Where to find python c-sources
John J. Lee
jjl at pobox.com
Fri Oct 7 23:00:47 CEST 2005
Terry Hancock <hancock at anansispaceworks.com> writes:
> On Friday 30 September 2005 04:37 pm, John J. Lee wrote:
> > "Tor Erik Sønvisen" <tores at stud.cs.uit.no> writes:
> > > Thanks for the answers... And yes, I have searched google!
> > How odd -- the most useful link (the viewcvs page for this source
> > file) is the very first link for me when I search for socketmodule.c
> > Does google vary in its results across the globe?
> Of course you meant to be snippy and sarcastic,
I really was wondering if such results varied, because it seemed hard
to believe somebody wouldn't do a similar search. And the idea that
he might have been too lazy didn't enter my head <wink>
> but you've actually
> exemplified the reason why so many people don't find such a thing
> with Google. Like all search engines, you have to know the right
> keyword -- to a fair degree of precision -- in order to find what
> you're looking for.
Oh, come off it. It seems hard to imagine that trying socketmodule.c
when looking for socketmodule.c requires some expert search-fu that
I'm supposed to posess.
> This is very unlike asking a question of a human being. *People*
> respond much better to general subject headings such as "socket
> module" or "python sources" rather than looking for something
> ultra-specific like a particular file name.

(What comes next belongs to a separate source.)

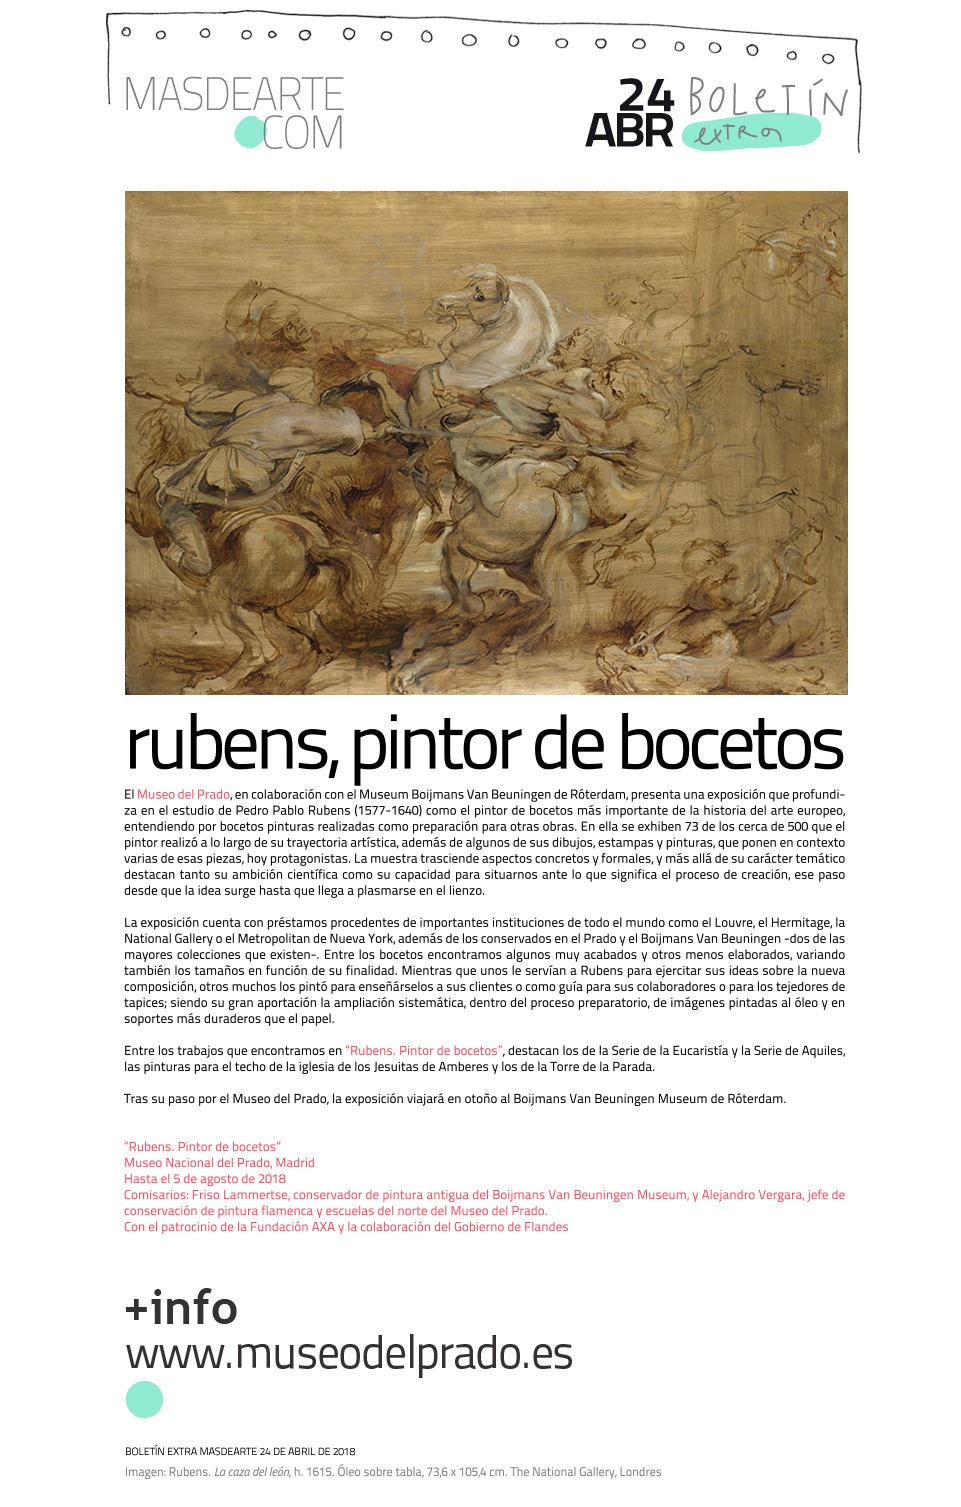 Rubens. Pintor de bocetos. Museo del Prado, hasta el 5 de agosto de 2018

He wasn't looking for general information. He told us he was looking
for socketmodule.c, for Pete's sake! And "python sources" *does*
takes you to the Python sources.
> Researchers take this
> training with them when they approach Google and treat it like
> a magic librarian -- they give it the same thing they would come
> to a human librarian with.
You conjure up in my mind a nice picture of an be-cardiganed gentleman
in an oak-panelled corner of the British Library, in his early
seventies complete with pipe, dust, and technophobia. Seems an
unlikely image for somebody with an email address containing the
string "@stud.cs." and stating their interest in reading networking
code written in C <wink>
Still, going back to researchers-with-pipes ("researcher" meaning
"collator of information" rather than "creator/discoverer of original
ideas"), I perhaps naively assume that such Google-phobic researchers
must nowadays do other work for a living. Who'd want to employ a
researcher who can't efficiently use search engines and other
databases these days? But as I say, I could well be naive here... I
recall my not-astonishment at trying to find a book in a local (but
not small) public library, and finding that the librarian was unable
to do so, despite their apparent enthusiasm at my request, and initial
proud promises that the databases they pay for would find it even if
none of the regional libraries had a copy (due in this case I suspect,
and hasten to add, to the databases simply lacking the relevant
records, rather than incompetence on the part of the librarian). I
walked round the corner and found it on both Amazon and Google in
around a few seconds each time. I had been led to believe books were
something of a library speciality...
In fact, rambling a little further, I can honestly say (in the
certainty and enjoyment of offending any librarians reading <0.75
wink>) that I've never knowingly extracted any useful information from
a librarian, who in legend are supposed to have such old-style
researcher-fu as you refer to. This applies even to pre-Google days,
despite having spent a fair amount of time in libraries, and asking a
fair range of questions over a period of years: some very specific,
some quite general and wooly; some particular, some about general
search strategies and techniques. <sarcasm level="0">Perhaps that
just reflects my interests or level of competence in one way or
> Seriously, though, for anybody new to using search engines, it
> is a very useful rule of thumb -- search for a specific word
> likely to appear on the page you are looking for, and not
It's quite true that has to be learned.